An administrative FIU does not enjoy the same legal right to hold potentially or actual criminal data as FIUs with investigatory and prosecutorial powers. The EDPS opinion, which reflected its recent actions with Europol, was concerned that FIUs should have access to “any type of information” from private and public authorities and requested a reassessment of the “necessity and proportionality” of access rights as well as express language limiting usage to AML/CFT purposes. The supervisor requested additional guidelines on data sharing, to be housed under the EU AMLA, to establish “rules on cooperation between competent oversight authorities and on relevant databases and infrastructure for the exchange of information, notably”

Additionally, the opinion requests that FIUs or authorities only embark on investigative rather than intelligence-led analysis, reasoning that Article 51 of the proposal for a Directive to repeal 4AMLD “seems to refer … to a data mining technique for the identification of subjects of (merely) potential interests.” The comment suggests that reports are supplemental to an investigation already in progress.
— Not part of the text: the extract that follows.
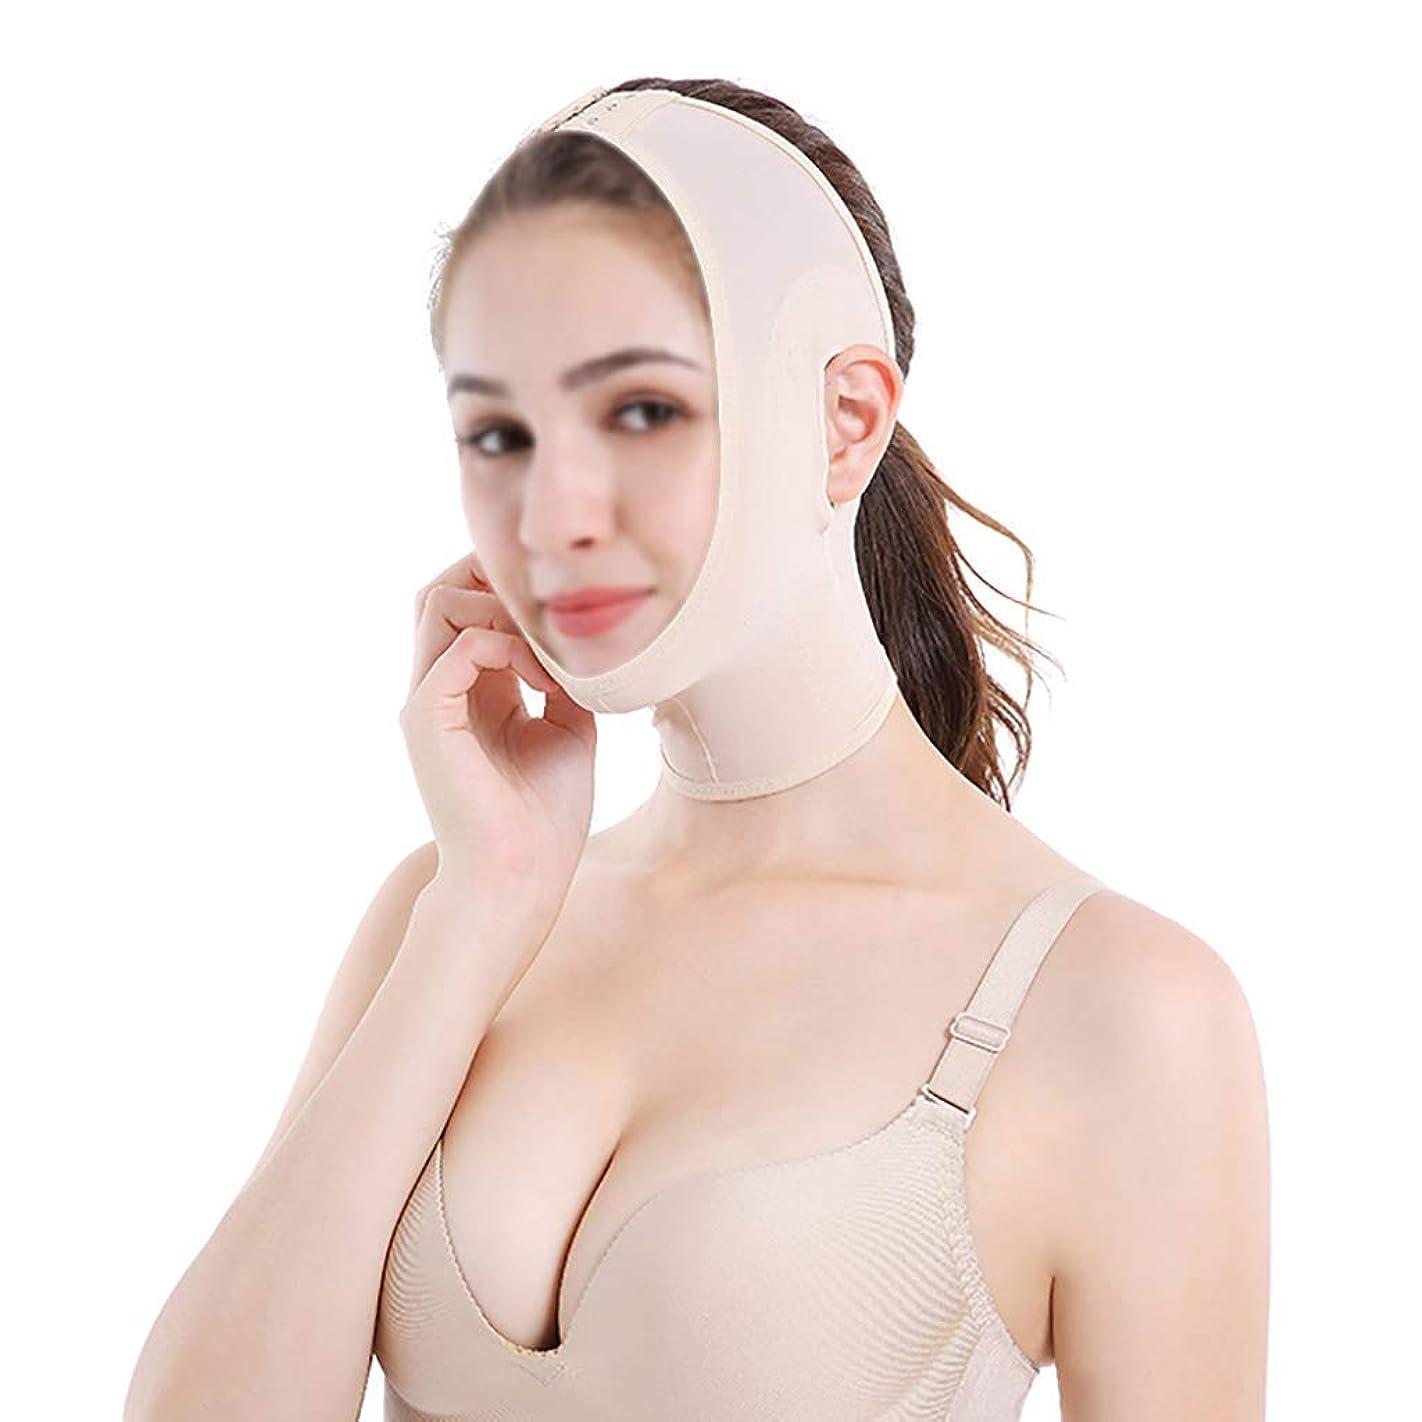 踏み台トリプル実行ファーミングフェイスマスク、スリムベルトフェイスリフティングバンデージスモールVフェイスマスクフェイスリフティングアーティファクトフェイスリフティングファーミングマスク(サイズ:M),XS
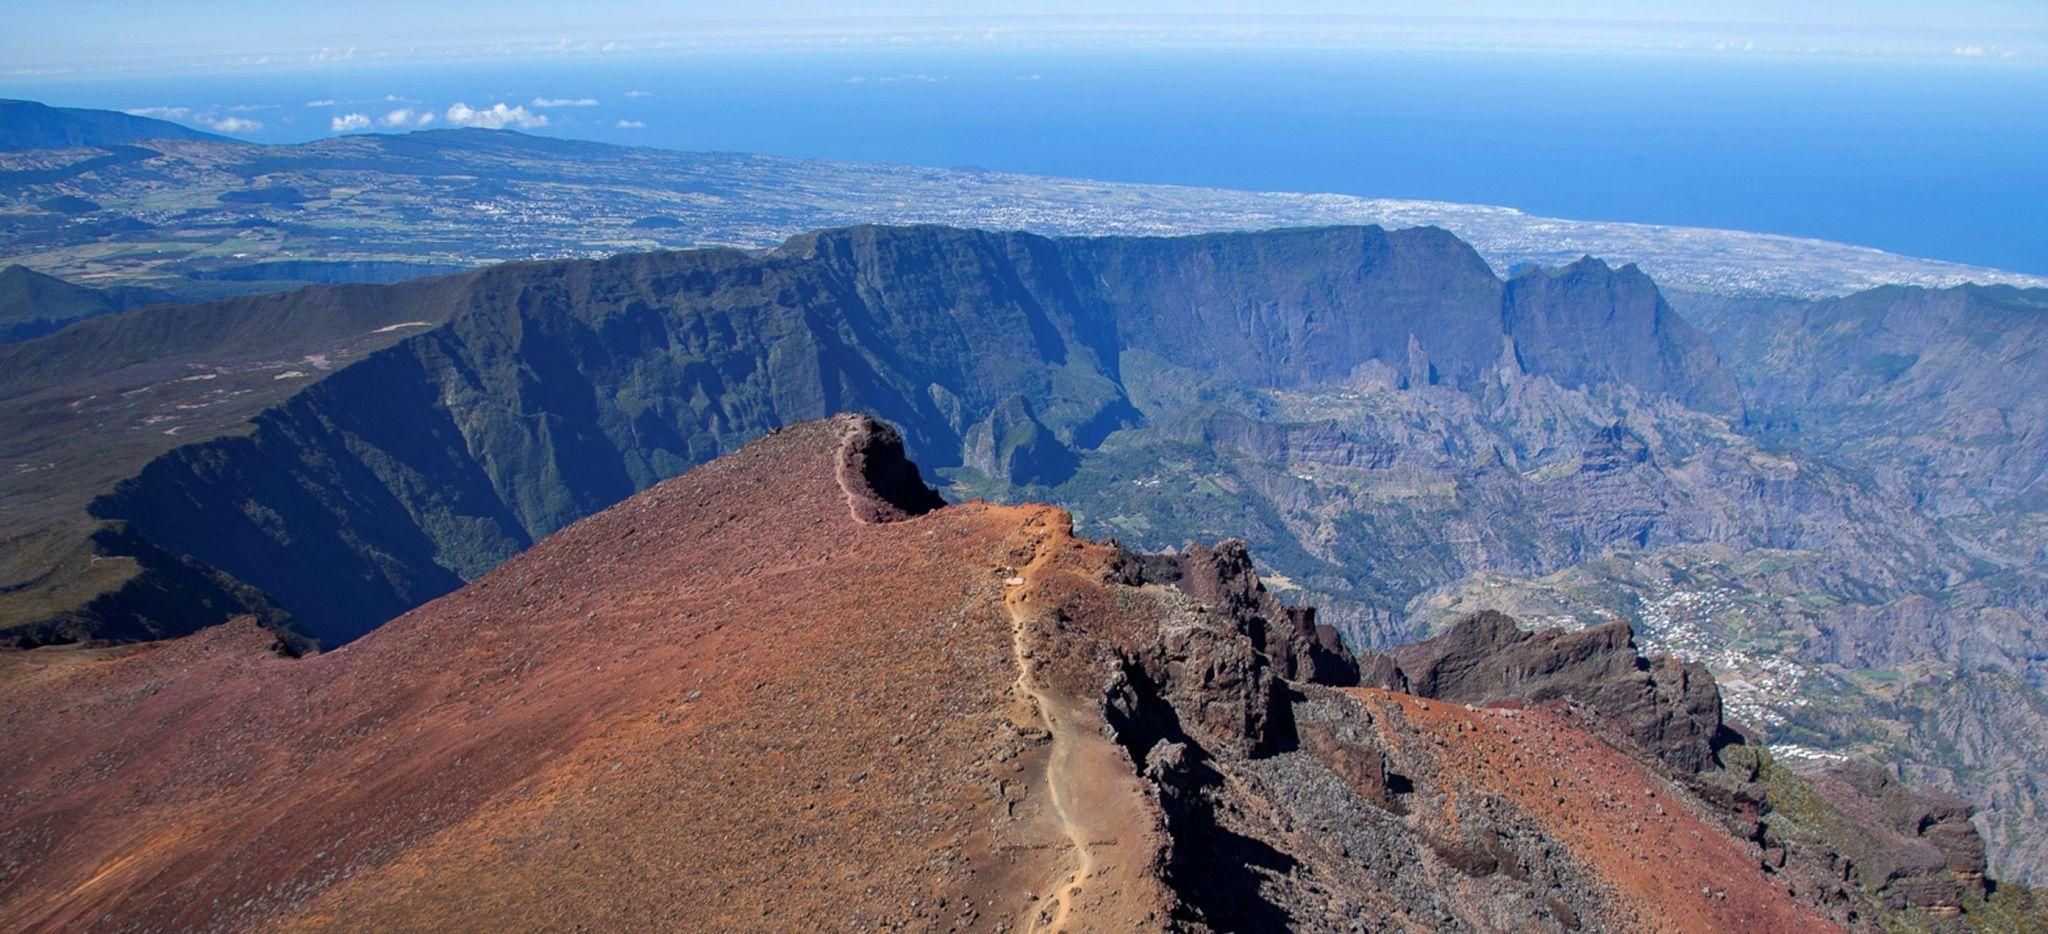 Vulkanlandschaft auf La Réunion mit weitem Blick über die Küstenregion

While many cases are led by active investigations, intelligence-led insights, specifically combining data from multiple avenues to illuminate unknown connections is critical as FIs rarely share insights across their own lines of business, affiliates or foreign branches. For example, national FIUs may receive separate reports from FIs in their jurisdiction from several different branches and LOBs on the same individual. The reported transactions may appear legitimate on their own, but without examining the relationships across reports, or with data held by authorities, investigators may not be able to recognize or map illicit actions to initiate a formal inquiry.   

This should not be interpreted as a reason to issue authorities a data blank check. There is a hazard of gold-plating and mission creep in risk-based methodologies that sometimes justifies data retention for “what if” scenarios. However, the situation can be mitigated with guidelines that set adaptable data collection and analysis frameworks using indicators and typologies (that already exist) to identify fit-for-purpose data aligned to AML/CFT use cases. In February 2022, the EDPS, European Commission, and Council of the European Union advanced these efforts with a political agreement on Europol data supervision that sets rules for processing large datasets, cooperation with private parties and non-EU countries, Parliamentary oversight and technological innovation. The regulation opens a long-overdue dialogue, and if taken in concert with private sector guidelines on risk-based assessments, these actions may contribute to more robust legal and operational framework to govern public-private information sharing partnerships in a way that balances AML and individual rights.  


The AML regime’s risk-based methodology relies on private sector data and criminal information held by public authorities to prevent, detect and prosecute illicit finance and political violence, illustrating conflicts between laws that govern public and private data, how public/private AML/CFT roles and functions overlap, and the trials in accommodating risk-based and rule-based legislation at the same time. The AMLR has the potential to bridge longstanding financial crime compliance and data protection operational and governance gaps, but only if leaders actively engage in dialogue about data management with financial crime leaders and close involvement from the private sector.

Dr. Michelle Frasher, PhD, CAMS is a Certified Anti-Money Laundering Specialist and was a 2014 Fulbright-Schuman Research Scholar to Belgium and Malta researching transatlantic data transfers concerning counter-terrorism financing.  She is currently a practitioner in the FCC RegTech data space and researches and writes about financial crime, data, privacy, and national security. The opinions expressed in this article are her own.